Bis heute ist er Vorstandsbeauftragter der BPtK für die Gebührenordnung und setzt sich für die Novellierung der GOP ein. Gemeinsam mit Jürgen Doebert hat er die Integration der Psychotherapeut*innen in die vertragsärztliche Versorgung und in die Gremien der Selbstverwaltung maßgeblich geprägt. Er hat sich unermüdlich und mit viel Geschick für eine bessere Vergütung der Psychotherapie, aber auch für die Weiterentwicklung des Leistungsspektrums der Psychotherapeut*innen entsprechend ihren beruflichen Kompetenzen eingesetzt. Die Reform der Psychotherapie-Richtlinie mit Einführung von Sprechstunde, Akutbehandlung und Rezidivprophylaxe sowie die Aufhebung der Befugniseinschränkungen von Psychotherapeut*innen sind auch seinem unermüdlichen Engagement zu verdanken.

Jürgen Doebert

Jürgen Doebert war zunächst als Gesprächspsychotherapeut in eigener Praxis im Erstattungsverfahren tätig.
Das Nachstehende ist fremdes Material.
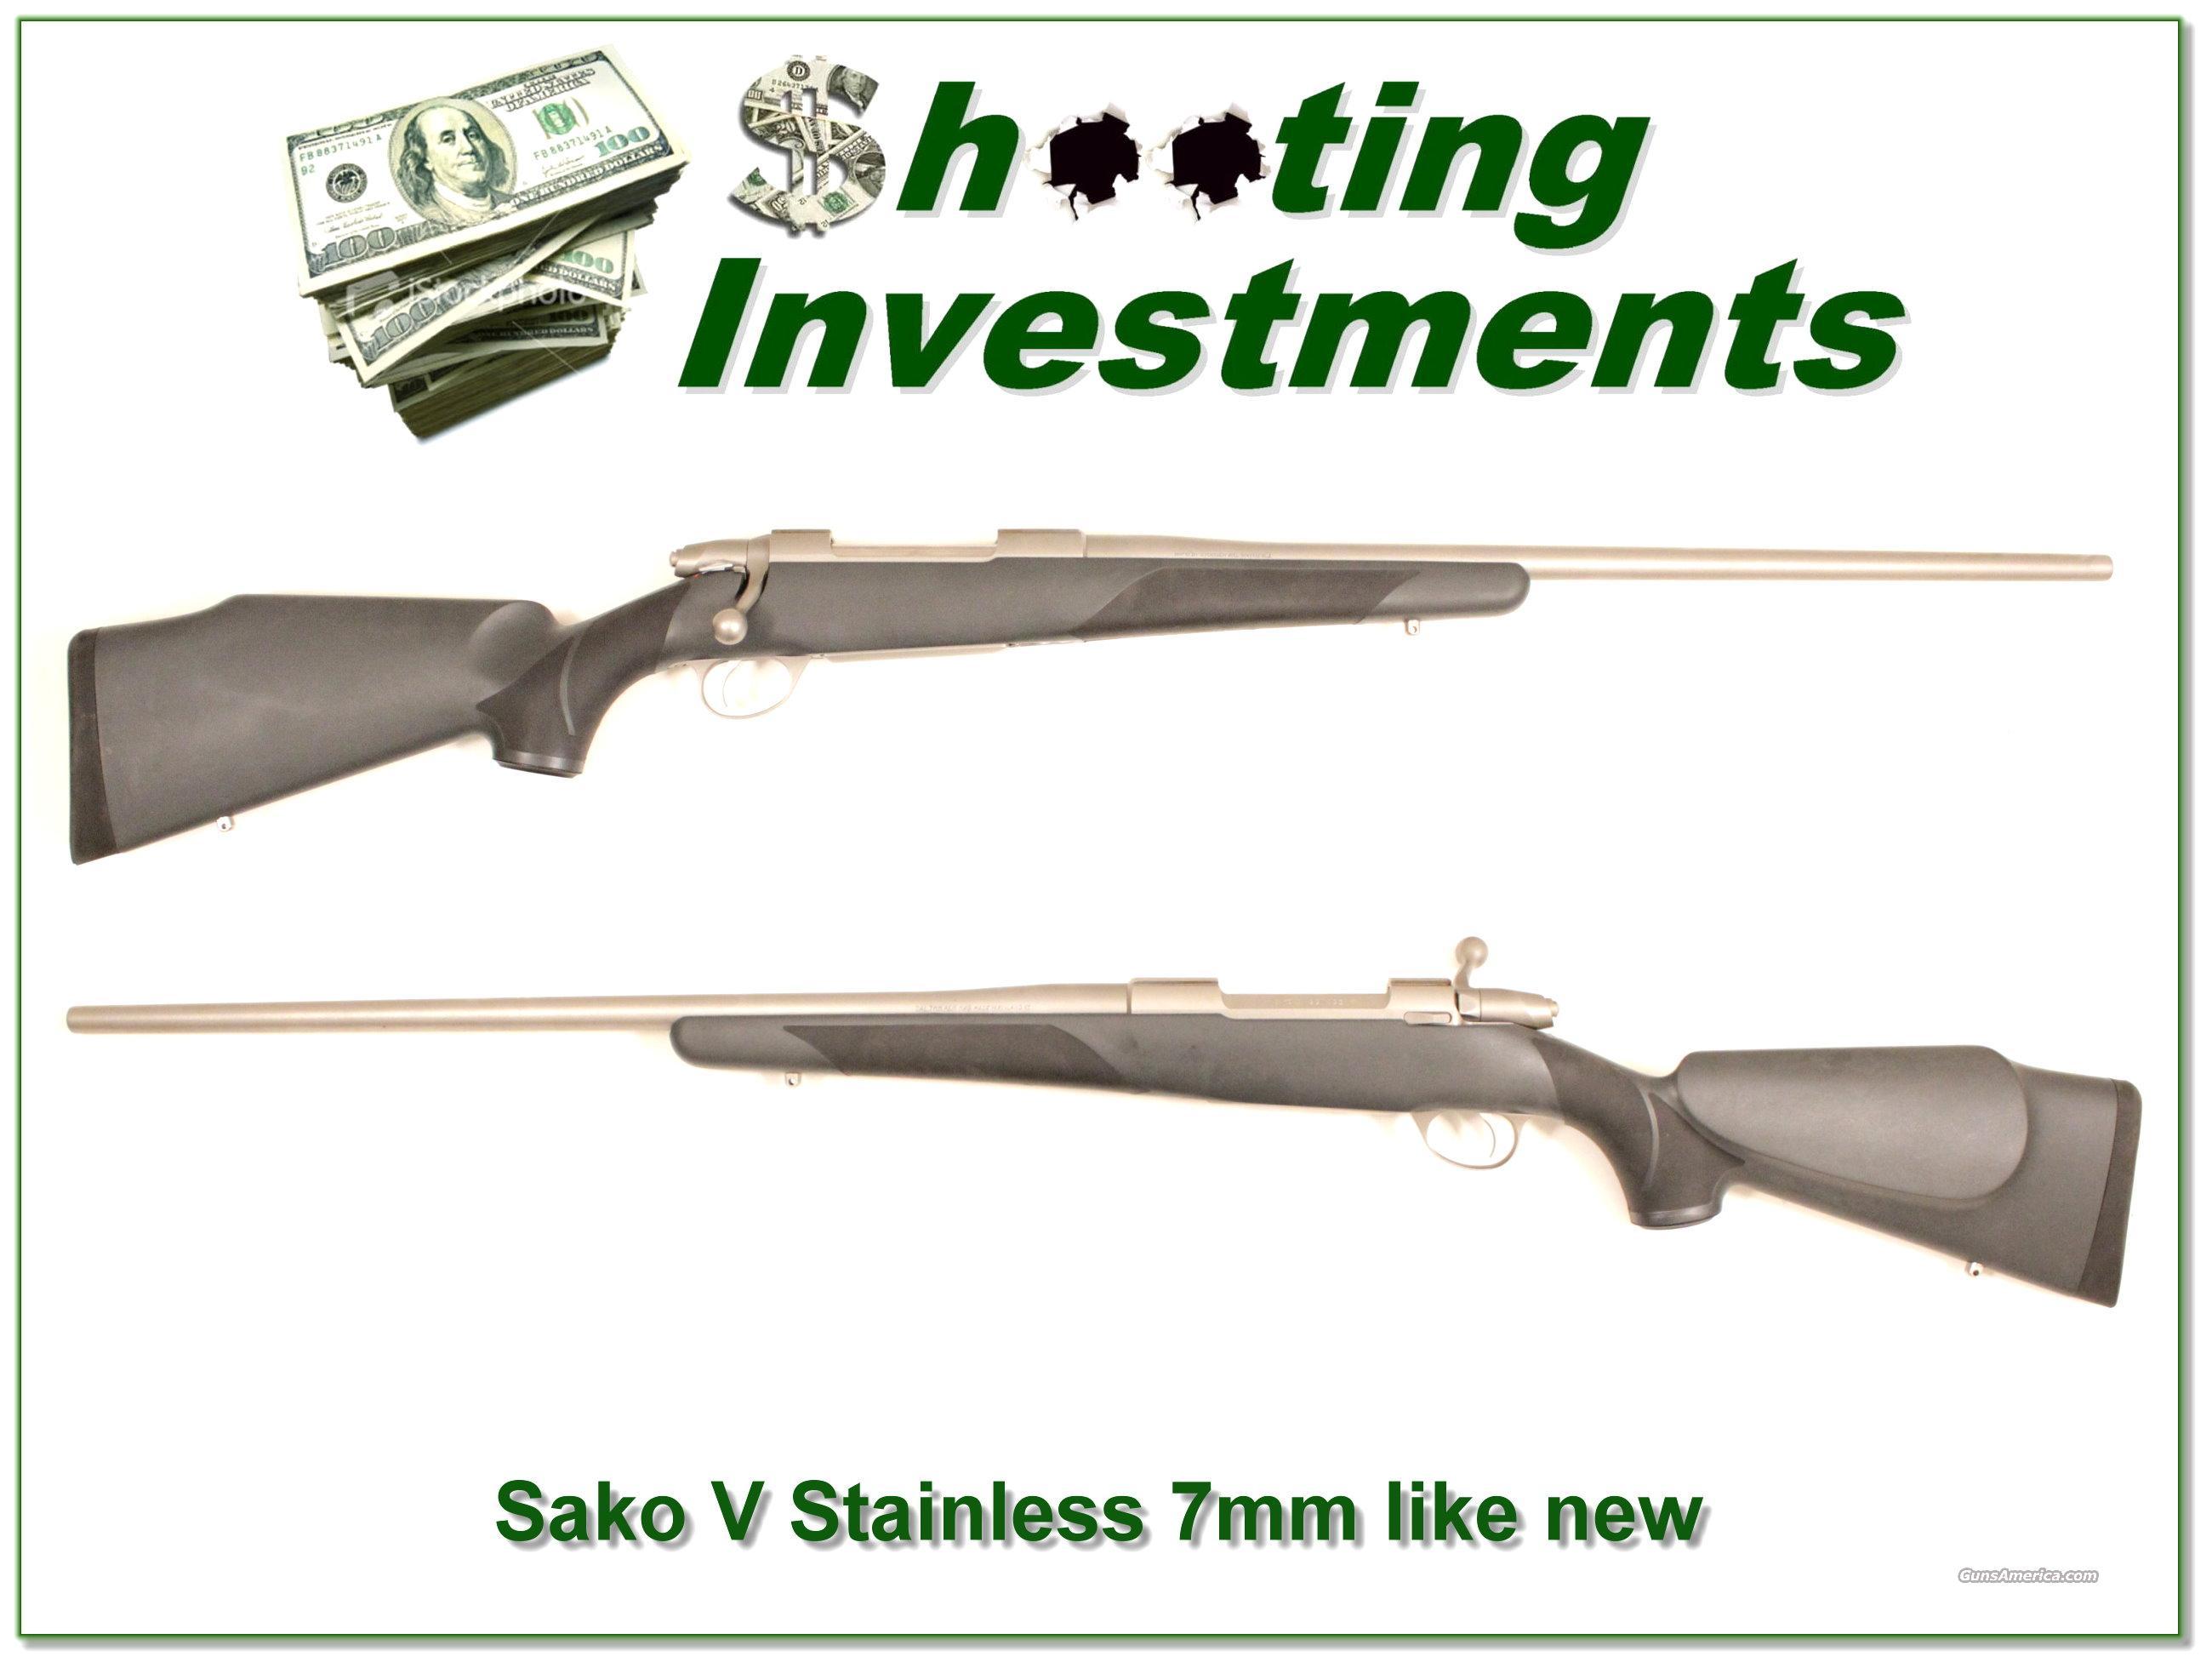 Sako V Stainless Steel 7mm Rem Mag  Guns > Rifles > Sako Rifles > Other Bolt Action
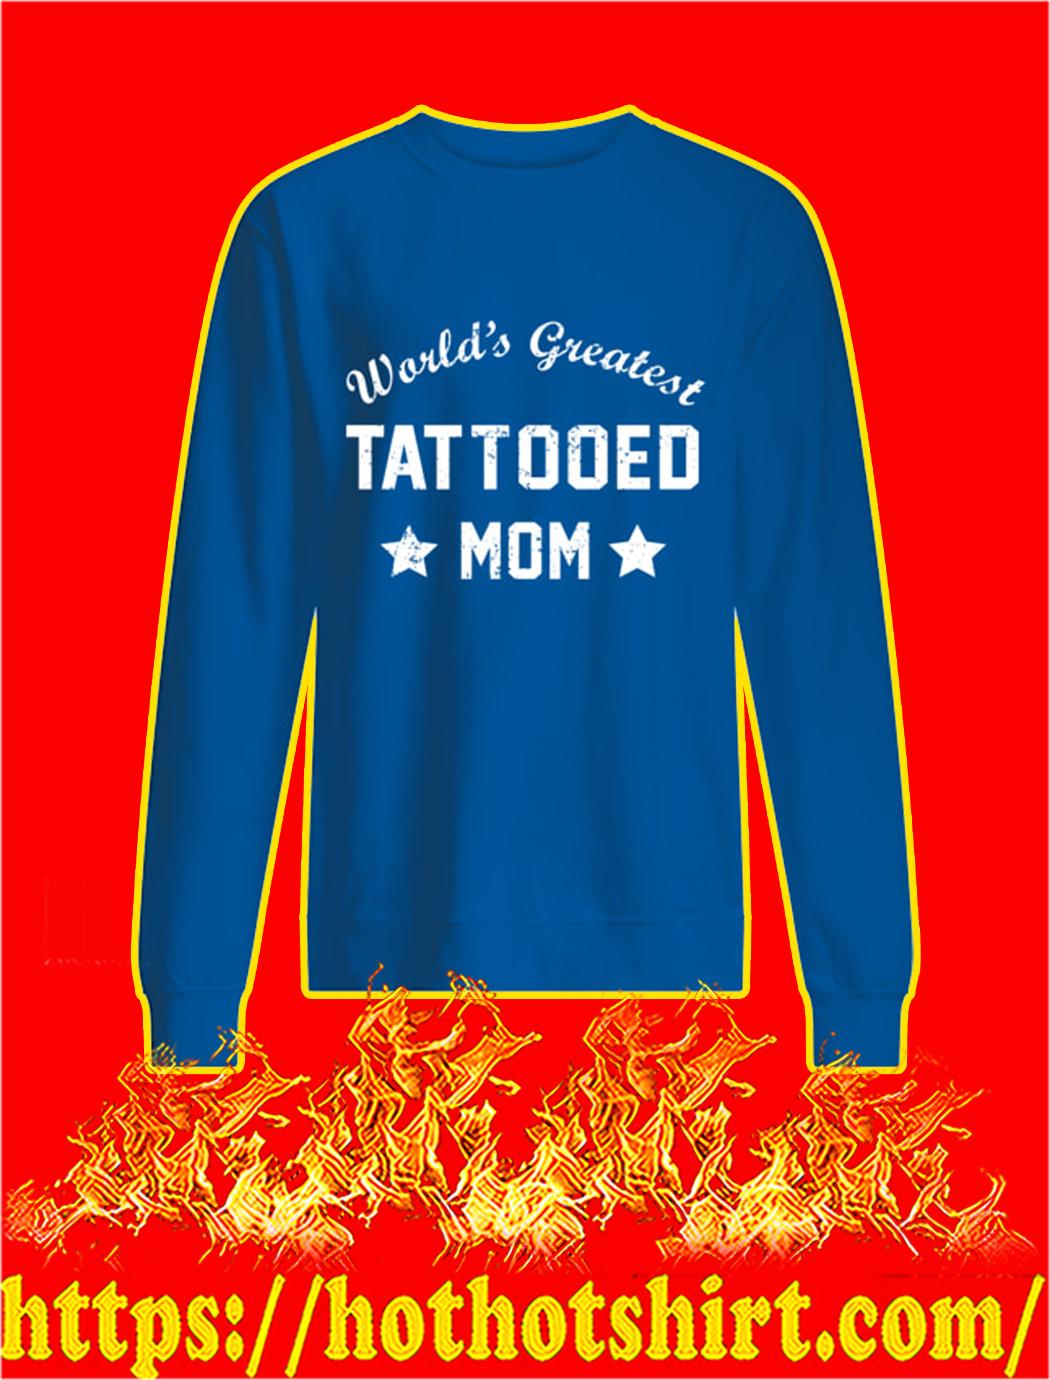 World's Greatest Tattooed Mom sweatshirt

Seit Abschluss seiner psychoanalytischen Ausbildung 1986 nimmt er an der psychotherapeutischen Versorgung teil, zunächst noch im Delegationsverfahren, seit dem Psychotherapeutengesetz 1999 als Vertragspsychotherapeut. Im Jahr 2000 wurde er bereits zum ehrenamtlichen Vorstand der Kassenärztlichen Vereinigung Süd-Württemberg gewählt, ehe er 2001 für die Psychotherapeut*innen Mitglied der KBV-Vertreterversammlung wurde. Bei der Integration der Psychotherapeut*innen in die kassenärztlichen Vereinigungen und in die KBV hat er immer wieder erfolgreich Brücken gebaut zwischen verschiedenen Interessengruppen.

Er setzte sich in den verschiedenen Gremien der KBV unermüdlich für die Interessen der Psychotherapeut*innen ein, unter anderem als alternierender Vorsitzender des Beratenden Fachausschusses Psychotherapie, als Mitglied des Satzungsausschusses, zusammen mit Dieter Best im Projektausschuss Gebührenordnung und schließlich auch als stellvertretendes Mitglied des Bewertungsausschusses. In der Erkenntnis, dass die Honorarungerechtigkeiten für die Psychotherapeut*innen nicht allein auf dem Verhandlungsweg in der Selbstverwaltung zu beseitigen waren, gehörte er zu den Initiatoren der ersten Klageverfahren an den Sozialgerichten. Diese mündeten schließlich in der Rechtsprechung des Bundessozialgerichts und vermochten zumindest die schlimmsten Honorarungerechtigkeiten für Psychotherapeut*innen deutlich abzumildern.

Darüber hinaus hat sich Jürgen Doebert auch mit seinem Engagement in den Kammern und in der Kooperation mit den psychotherapeutischen Verbänden im Gesprächskreis II für die Psychotherapeut*innen und die Patientenversorgung verdient gemacht.